Source material below:

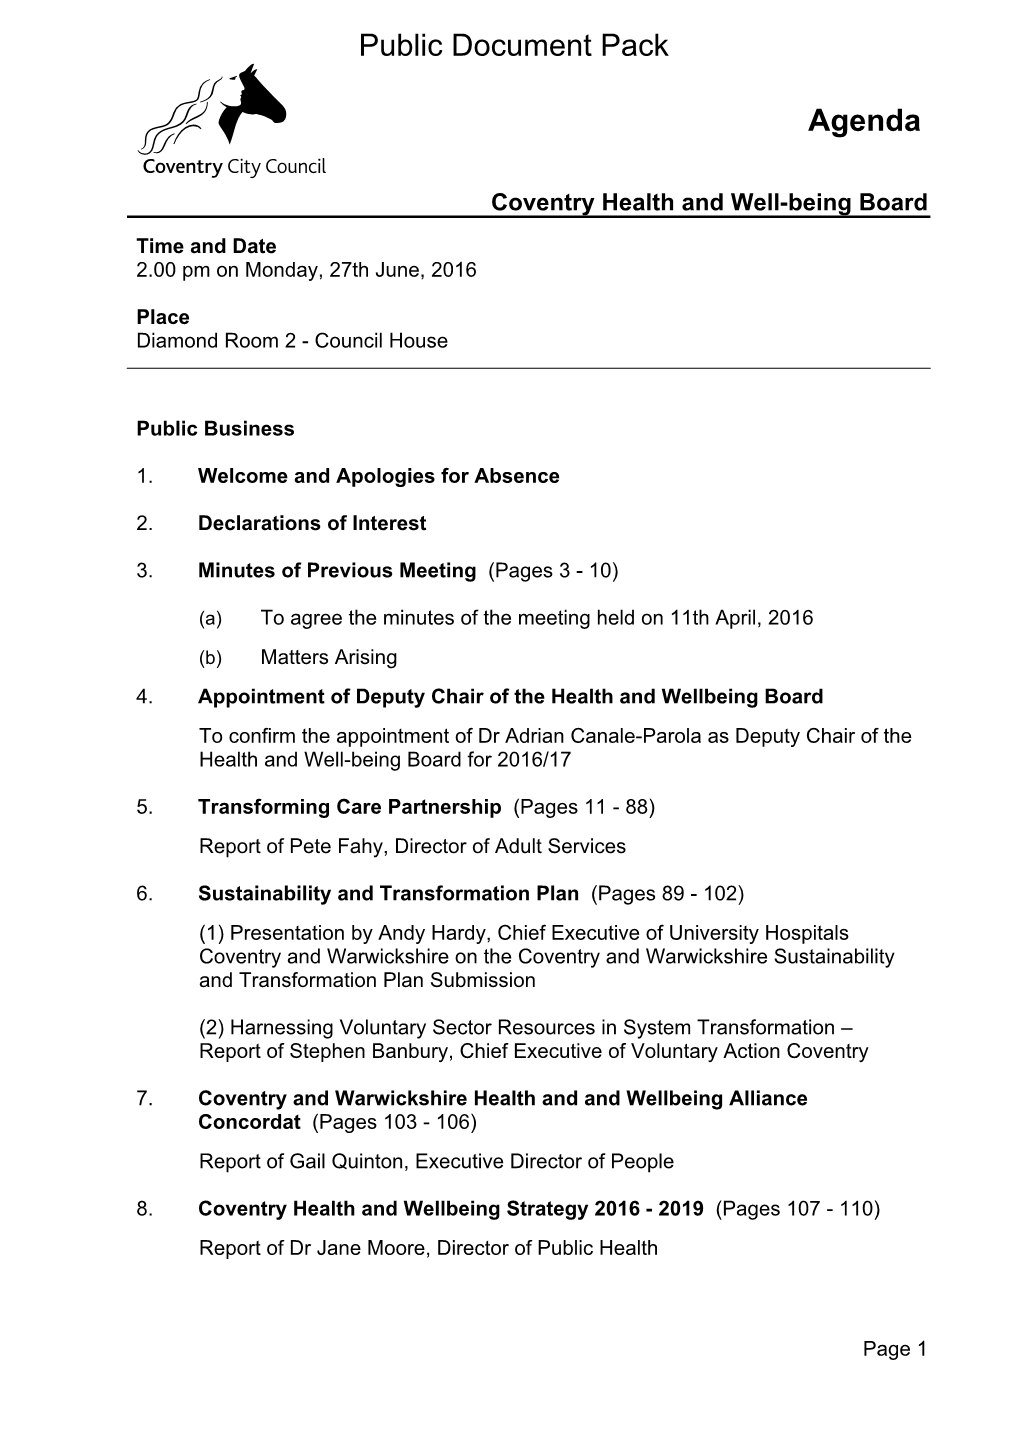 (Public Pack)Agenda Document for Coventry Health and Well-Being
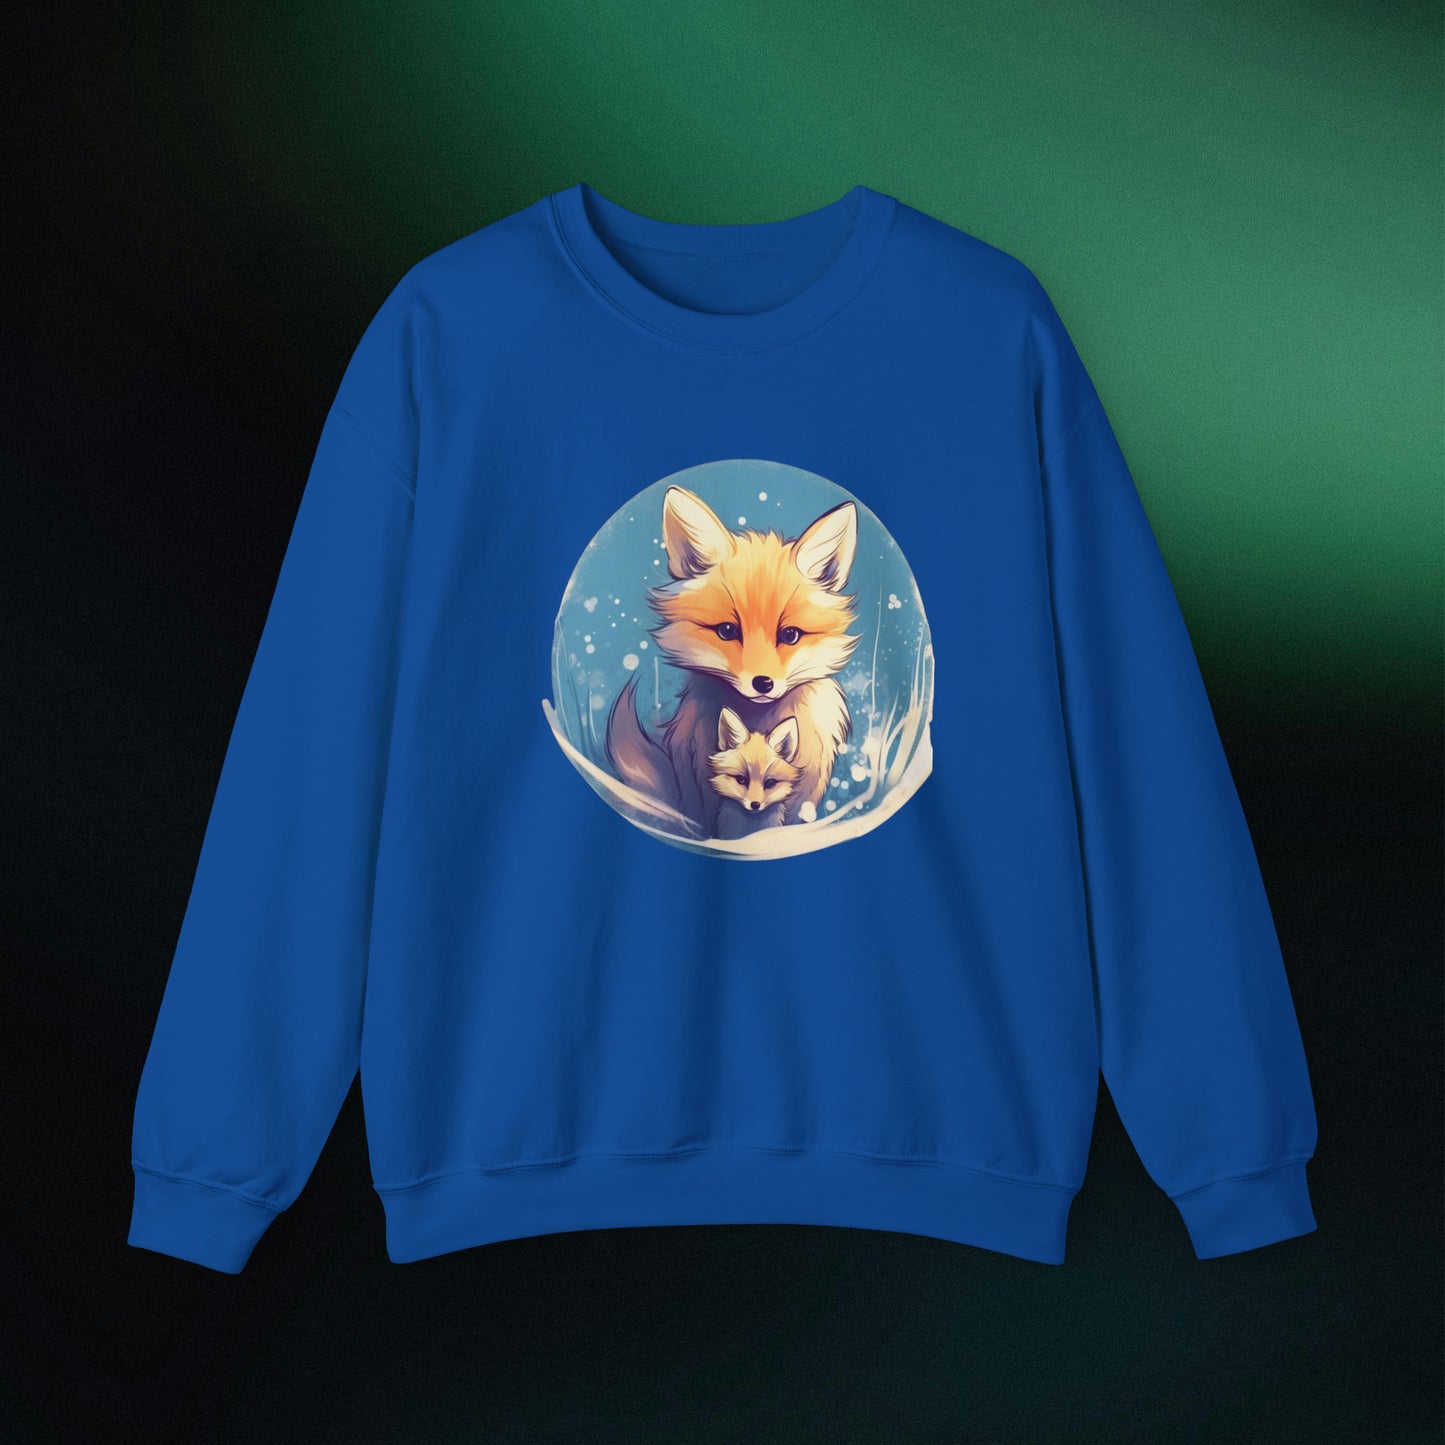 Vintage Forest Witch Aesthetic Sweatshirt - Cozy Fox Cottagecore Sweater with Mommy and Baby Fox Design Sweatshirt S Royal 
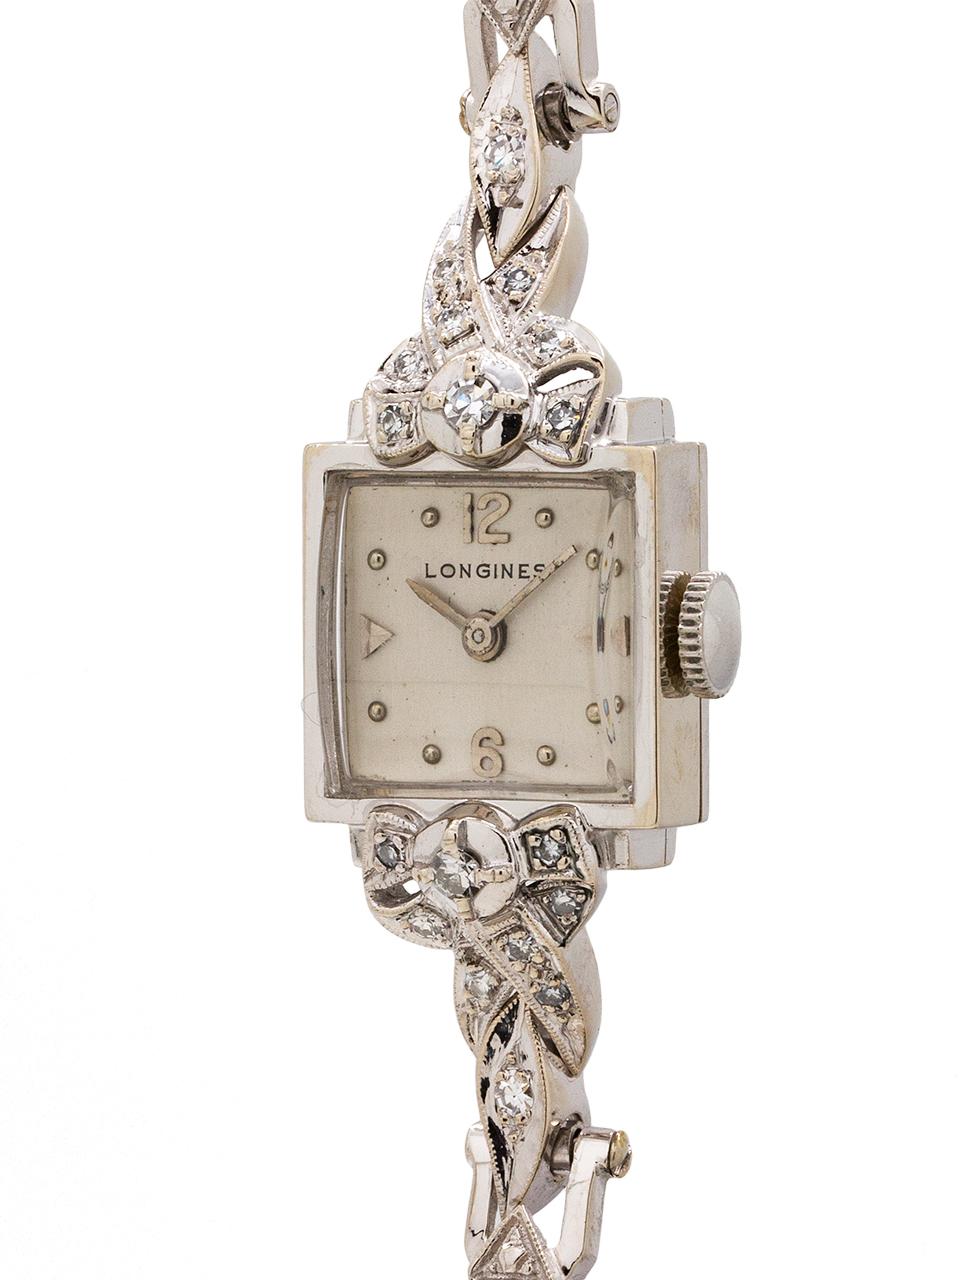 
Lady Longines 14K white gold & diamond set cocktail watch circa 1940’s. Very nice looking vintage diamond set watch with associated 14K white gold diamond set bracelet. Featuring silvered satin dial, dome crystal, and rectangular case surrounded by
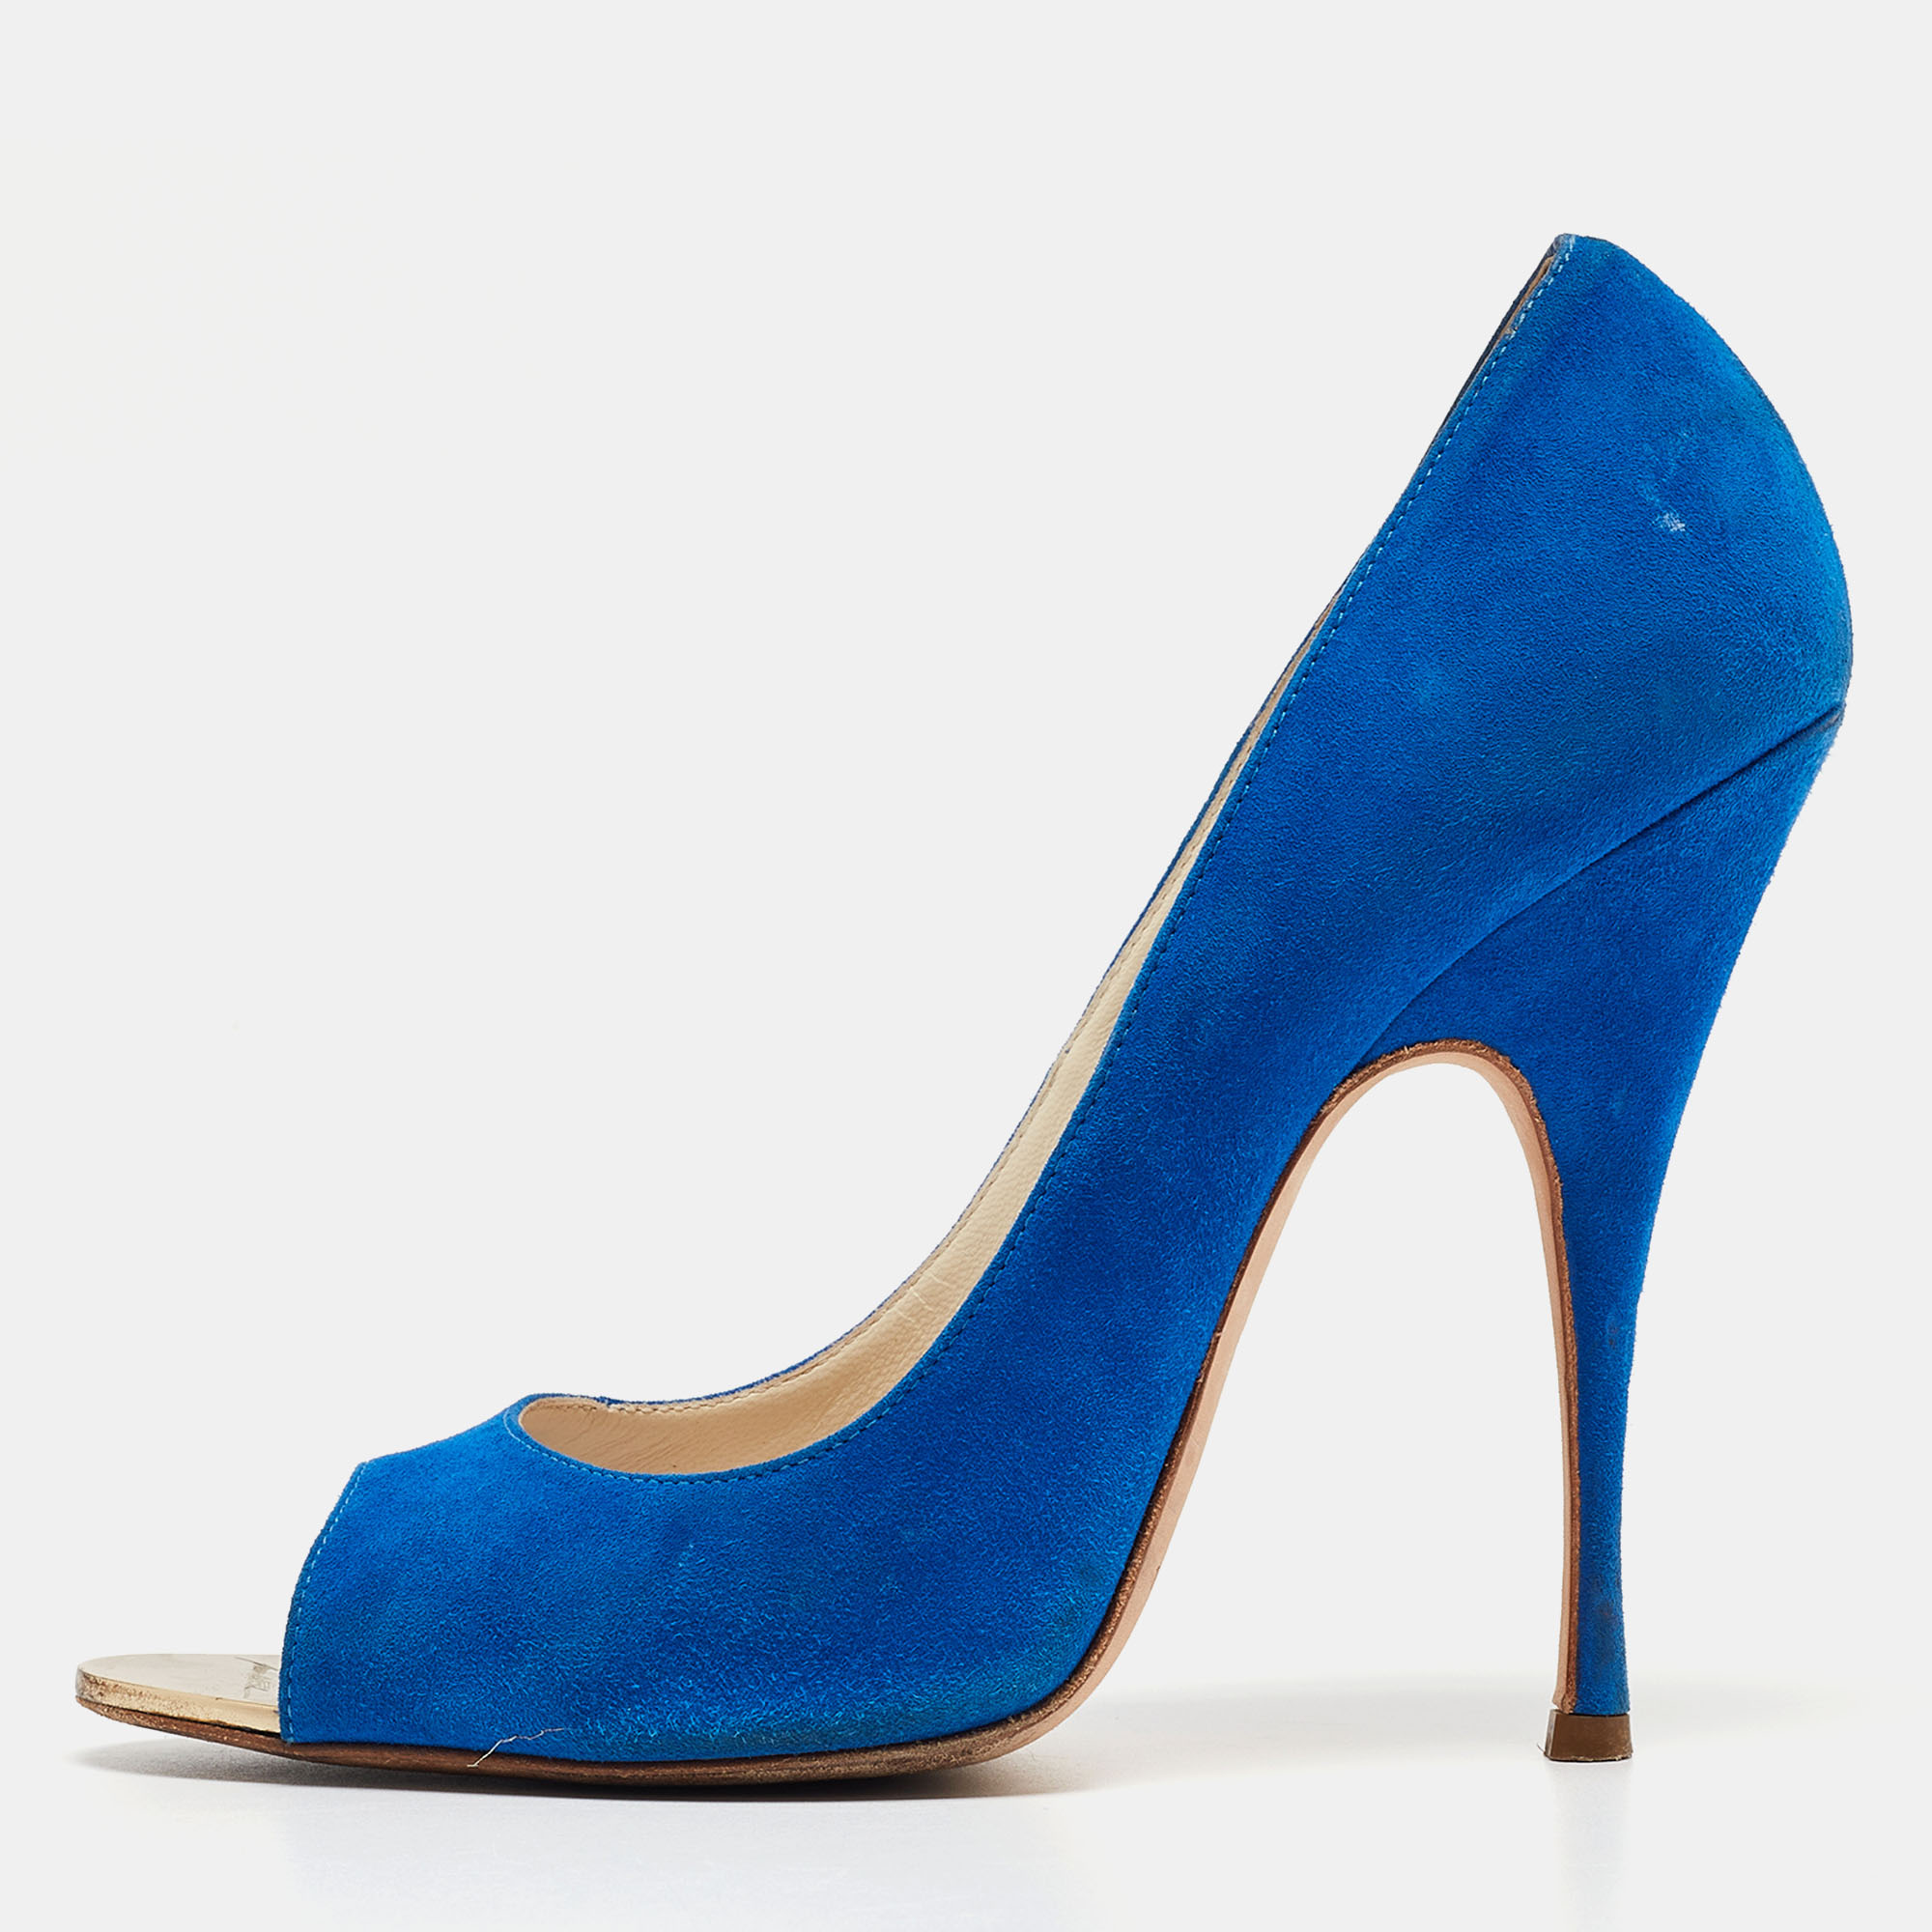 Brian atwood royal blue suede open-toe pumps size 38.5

End of Source material.

=== Work order ===
Return all of the material exactly, without pictures.

=== Response to this task ===
 (Public Pack)Agenda Document for Coventry Health and Well-Being
 Vintage Forest Witch Aesthetic Sweatshirt - Cozy Fox Cottagecore Sweater with Mommy and Baby Fox Design Sweatshirt S Royal 
Lady Longines 14K white gold & diamond set cocktail watch circa 1940’s. Very nice looking vintage diamond set watch with associated 14K white gold diamond set bracelet. Featuring silvered satin dial, dome crystal, and rectangular case surrounded by
 Brian atwood royal blue suede open-toe pumps size 38.5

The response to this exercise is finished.